Archives are not just sleepy storage places  

Opinion by Ulrika Waaranperä, doctoral student in political science at Lund University and Malmö University

On 6 June 2013, the then British Foreign Secretary William Hague made an historic statement in which he apologised for the abuses the colonial administration was guilty of in Kenya between 1952 and 1963. The statement was made in conjunction with the payment of damages equivalent to SEK 275 million to 5 228 elderly Kenyans.

That the British colonial power, like many other colonial powers, committed abuses against the colonised is nothing new. The difference is that the abuses could be proved this time, due to 300 boxes of documentation, mainly colonial correspondence, that were suddenly rediscovered in a  secret archive in London in 2011.

However, let us go back to 1952 when the colonial government declared martial law in Kenya. The aim was to combat the Mau Mau rebels, labelled as terrorists by the British government and the European settlers, but whose guerrilla struggle for land and independence gained broad support among rural landless day labourers and the urban intelligentsia. During the Mau Mau years there was, in principle, civil war in Kenya. Both sides were guilty of barbaric acts, but the government had considerably greater resources with which to commit them. Historians estimate that tens of thousands – perhaps as many as one hundred thousand – lost their lives and that over one million were interned in prison camps. For those who travel through the Kenyan highlands, it is hard to escape that the Mau Mau rebellion still lives in many people’s memories more than 60 years later. However, until a few years ago it was memory that was the main source of information on the Mau Mau rebellion. Memory can be an extremely good source for historical documentation, but it tends not to hold up as sole evidence in court – and particularly not more than 50 years later.

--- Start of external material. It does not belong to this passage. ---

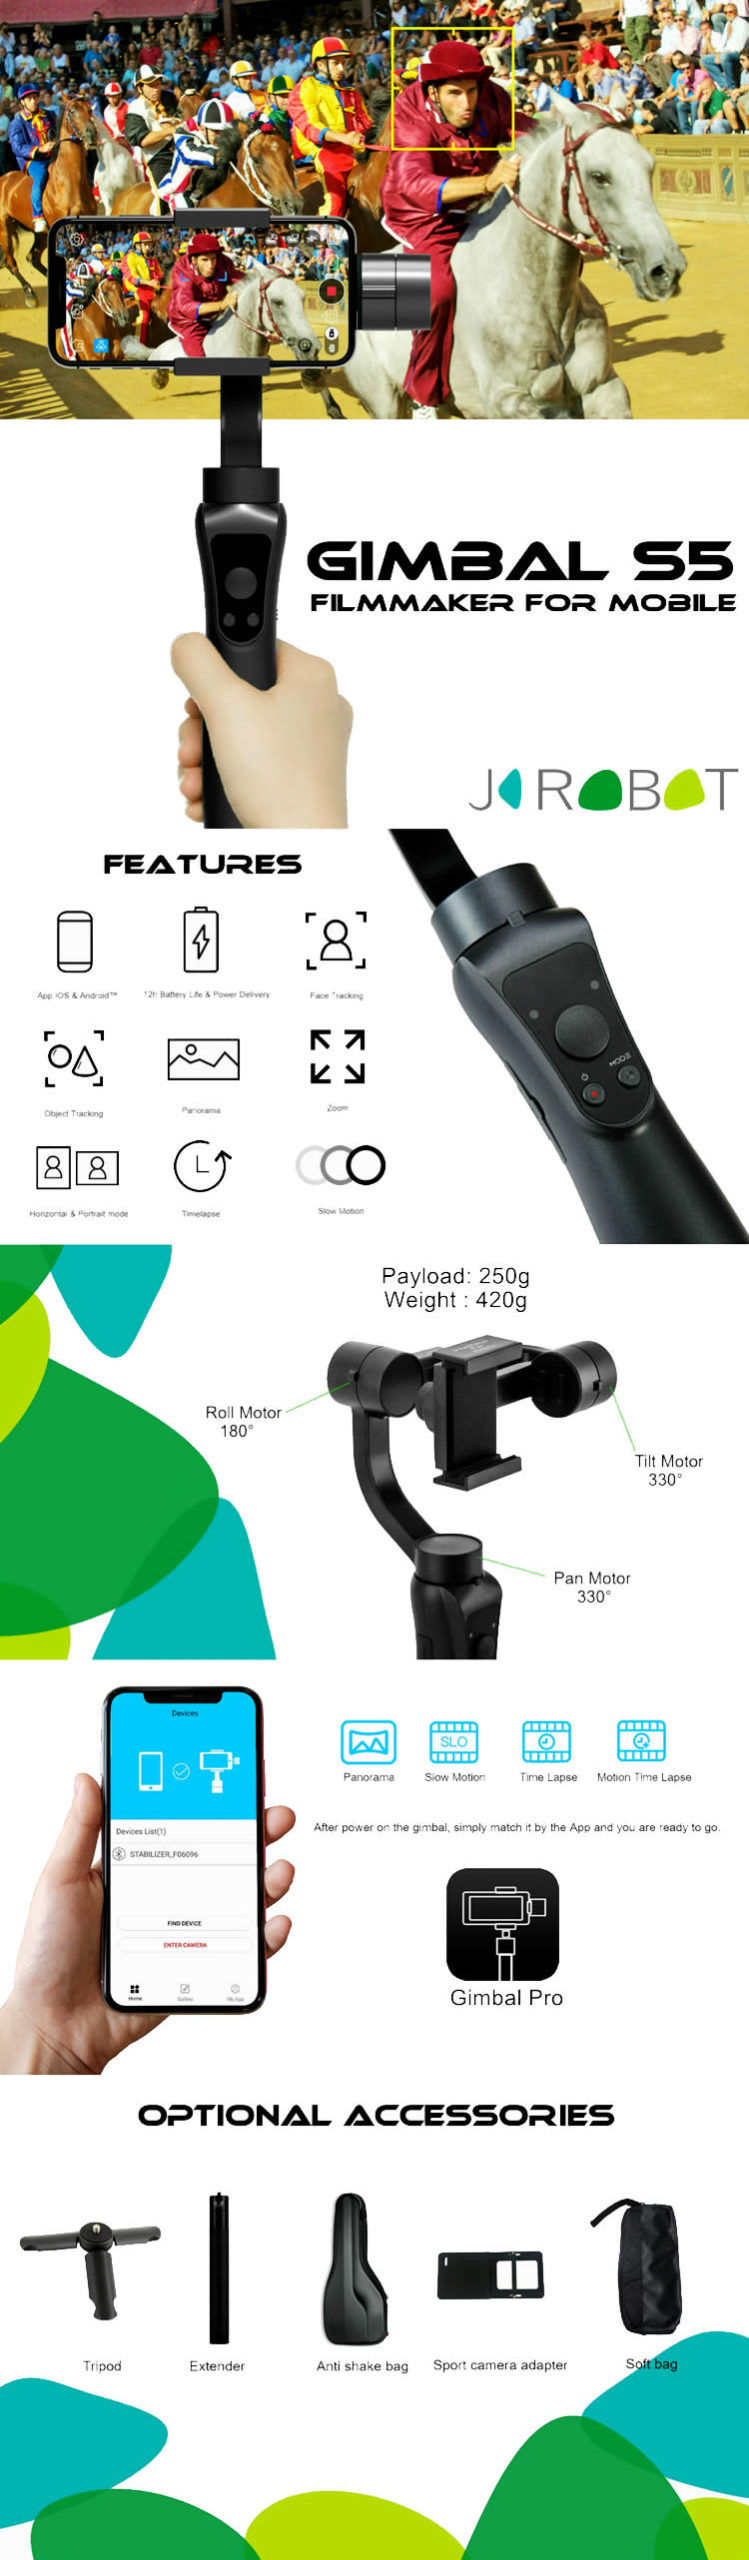 3 axis handheld gimbal stabilizer

” This is how the archived material suddenly played a major role.”

So, when four elderly Kenyans travelled to London in April 2011 to testify in court about the torture, abuse and rapes they were subjected to during the Mau Mau years, their defence lawyer had a considerable need for documentation that could back up their testimonies. Much of this documentation was probably destroyed when Kenya gained independence in 1963 and the outgoing colonial administration carefully covered its tracks. However, historians have long had reason to suspect that part of the colonial archive was transported to London instead of being destroyed on the spot. The historian David Anderson testified about this in the court proceedings. The court demanded that the Foreign Ministry should release all documents related to the case. However, it was only after an employee at the ministry, Edward Inglett, criticised the impropriety and illegality of withholding this type of material during an ongoing court case that the lost documents were “rediscovered”. This is how the archived material suddenly played a major role in a court case – that can also be the snowball that sets in motion an avalanche of similar claims against the British state. That is because along with the 300 boxes of documents  on Kenya, there were countless rediscovered boxes of classified material from 36 other former colonies.

In relation to my own research, which concerns how land is politicised, the events surrounding the Mau Mau archives say something about history’s explosive nature. In addition to showing that colonial abuses cannot easily be consigned to the past, the damages also emphasise that archives are not just sleepy storage places for remnants of the past, but that an archive can also play an active role in contemporary issues relating to rights and politics.

Photo: Kennet Ruona

 

Facts

Ulrika Waaranperä

Ulrika Waaranperä is a doctoral student in political science at Lund University and Malmö University and the title of her project is: “‘Struggling with this land of ours’: The history and contemporaneity of the politicisation of land in Molo, Kenya”.